Garden of Happiness for Kevin Napora and Rob Pelletier
“I’m just so happy right now,” says Kevin Napora the day after the big Edmonton Garden Tour this July. He sat back with a slow smile of contentment. Around him, the garden glowed in the late afternoon sun, seeming to bask in all the appreciation shown by its recent guests.
Rob Pelletier, Kevin’s partner, had just left to deal with a work issue but his presence lingered. Lying beside Kevin on the deck, their well-mannered, half golden, half Burmese dog, Nelson, smiled a doggy smile. Everything around them seemed alive to the splendour of the day and the garden. Here was a space permeated with warmth and beauty.
This was no accident.
When Kevin and Rob bought this former show home, they already had a plan in mind for the garden. The day after they moved in, on September 30, 2009, a bobcat arrived to begin moving the four tandem-loads of soil they had ordered onto the site. You cannot have a master gardener’s certificate like Rob does and take half measures for your plants. Nor would Kevin, a landscape designer, after 20 years of owning his own landscaping business, allow a slip-shod job.

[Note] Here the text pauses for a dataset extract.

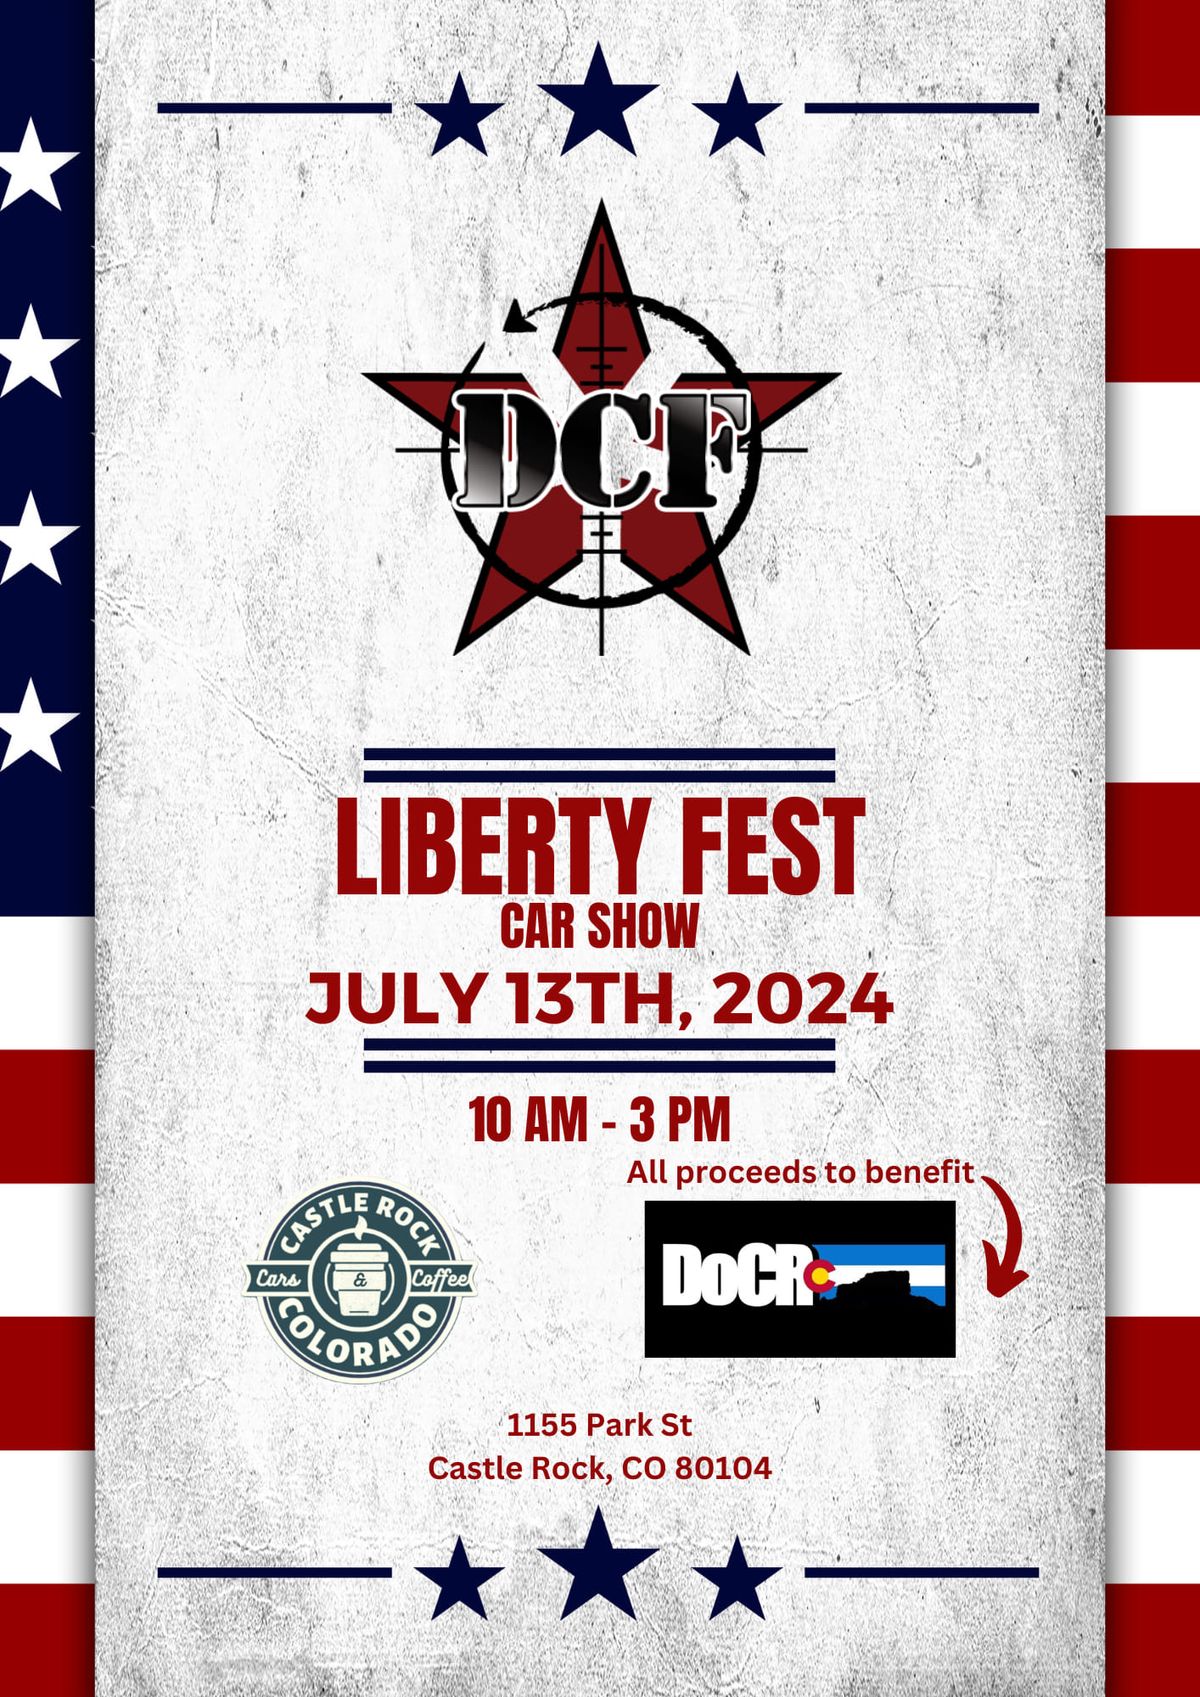 Liberty Fest Car Show benefiting DoCR 
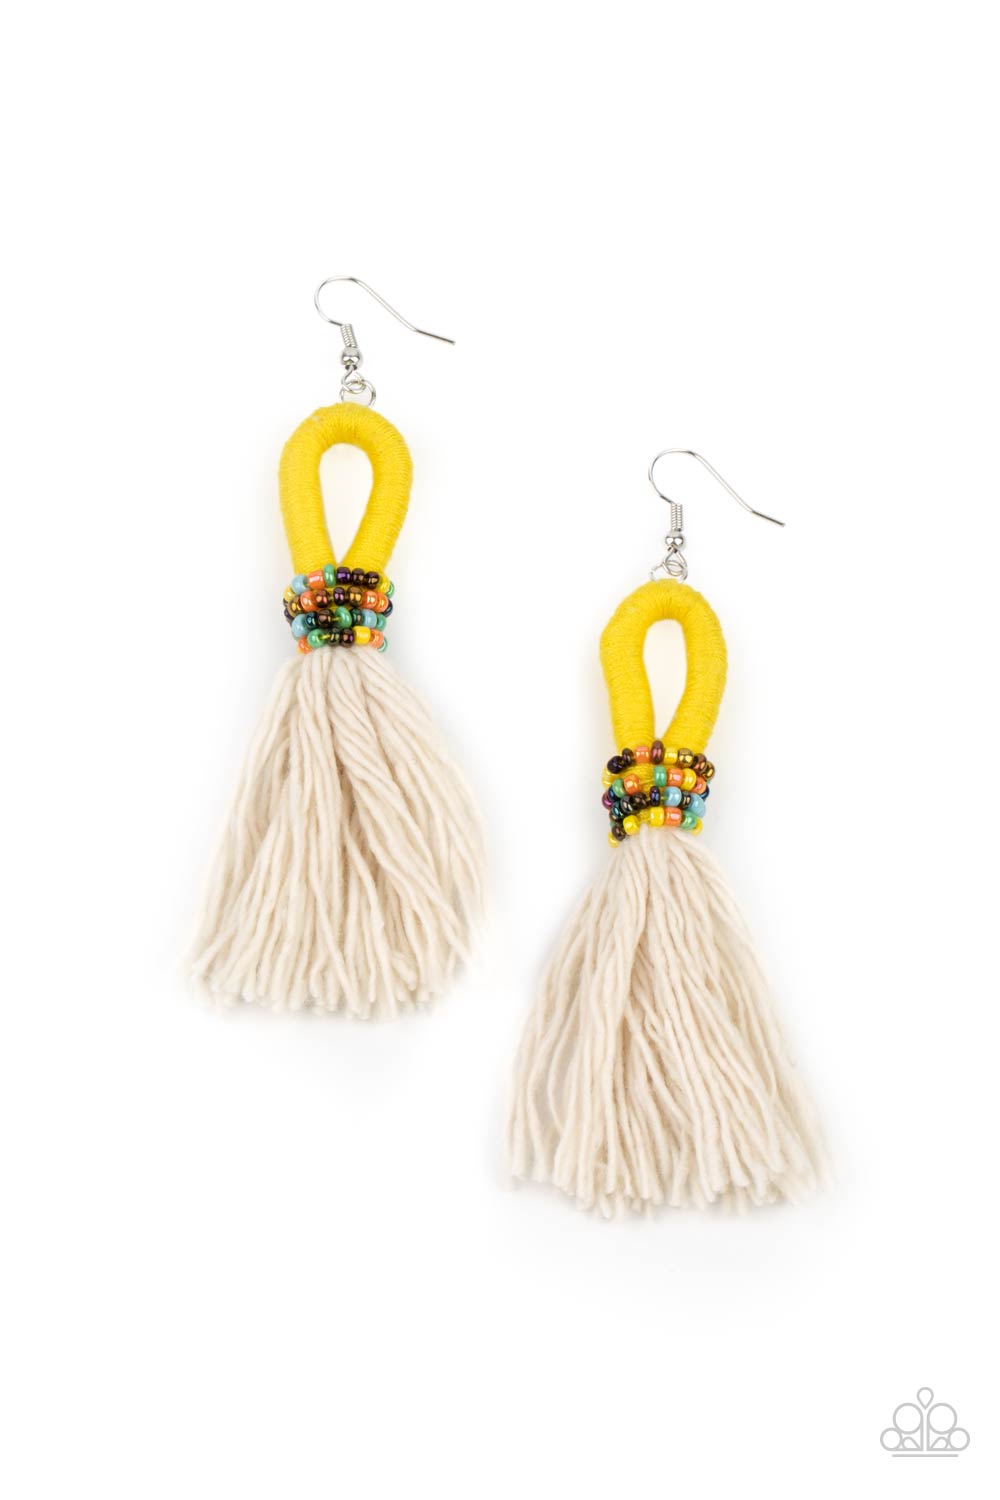 A tassel of soft white cotton fans out under rows of brightly colored seed beads. Anchored by a loop of vibrant yellow floss, the eye-catching style swings from the ear for a show-stopping statement. Earring attaches to a standard fishhook fitting.

They needed it done right and they needed it done right now so they could transfer all the treasures from their former home to the new garden. It was all special stuff – plants handed down from family or from friends, some of the plants over 50 years old, kept young through division and care – so much of it had a story and the story was waiting to be told in the new garden.
They worked like demons for the next six weeks, putting down the last of the grass on November 16. On November 17, it snowed. But that was only the beginning of the story. They had so much they wanted to tell with this garden. They wanted a garden you could get into, one that required a leisurely stroll, coffee cup in hand, to appreciate and discover its unfolding glory each day. “We wanted social and lounging areas, sun and shade. We wanted to use the garden all year round, not just in summer,” said Rob before he left that afternoon. They installed an outdoor fireplace and placed it so that they could run it in winter and see it glowing outside their living room window. (It’s beautiful at Christmas,” says Kevin.) They added a couple of overhead heaters to help extend the season. When the heaters are turned on with the fireplace, it really takes away most of the chill.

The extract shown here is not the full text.